O que está acontecendo
A história de Anthony Hopkins pega o público pelo colarinho porque o faz pensar que ele mesmo, o público, tem a doença.
O ponto fora da curva de 'Meu Pai' (2020, Netflix) é o roteiro criativo, ousado, escrito por Florian Zeller (que também dirige o filme e é o autor da peça de teatro em que foi baseado o filme) e Christopher Hampton. A história de Anthony (Anthony Hopkins, ganhador do Oscar de melhor ator por este trabalho), que começa a ter sintomas de Alzheimer, pega o público pelo colarinho porque o faz pensar que ele mesmo, o público, tem a doença.

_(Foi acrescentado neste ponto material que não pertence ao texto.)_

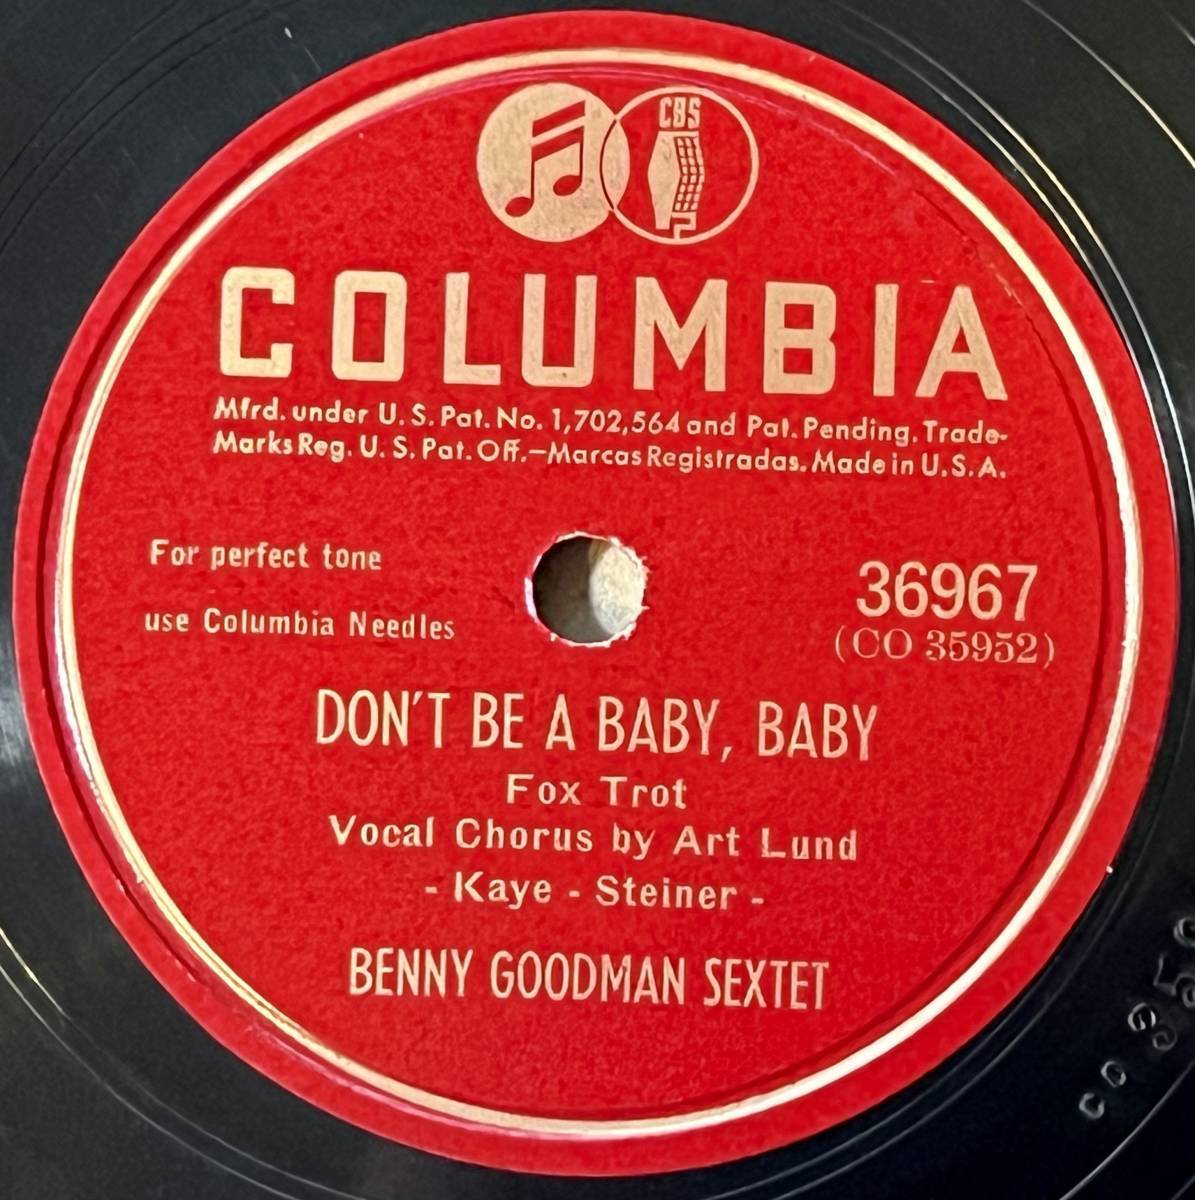 BENNY GOODMAN AND HIS ORCH. COLUMBIA All the Cats Join In/ (Sextet) Don*t Be A Baby, Baby

Há confusões entre personagens, que entram e saem de cena sendo interpretados por atores diferentes, sequências repetidas com estes atores, mudanças de móveis de lugar e de cores e situações que não sabemos se aconteceram mesmo ou se são imaginações de Anthony. O espectador tem a sensação de já ter visto tal momento um pouco antes, ou tenta decifrar se aquela pessoa é ou não a filha do protagonista, por exemplo.
Na trama, o idoso se recusa a receber a ajuda da filha, Anne, que percebe que pai está próximo da demência. Ele mora sozinho num confortável apartamento e ela deseja contratar uma cuidadora para tomar conta dele.
O longa-metragem é econômico no elenco (4 ou 5 atores/personagens), e simples na realização (locações e cenários). Zeller consegue extrair do cast atuações que beiram o realismo, principalmente de Hopkins, que está estupendo. Quando os minutos avançam e começamos a notar o que está verdadeiramente ocorrendo, concluímos que o cineasta passou ao público o protagonismo da história e entrega a ele a 'responsabilidade' sobre o que fazer com Anthony.
A cena final (não contarei, claro) é uma das mais tocantes dos últimos tempos e coloca, ou recoloca (se é quem um dia ele saiu dali), Hopkins como um dos maiores profissionais da história do cinema. 'Meu Pai' também conquistou a estatueta de Roteiro Adaptado – concorreu a atriz coadjuvante (Olivia Colman), direção de arte e edição. Duração: 97 minutos. Cotação: ótimo.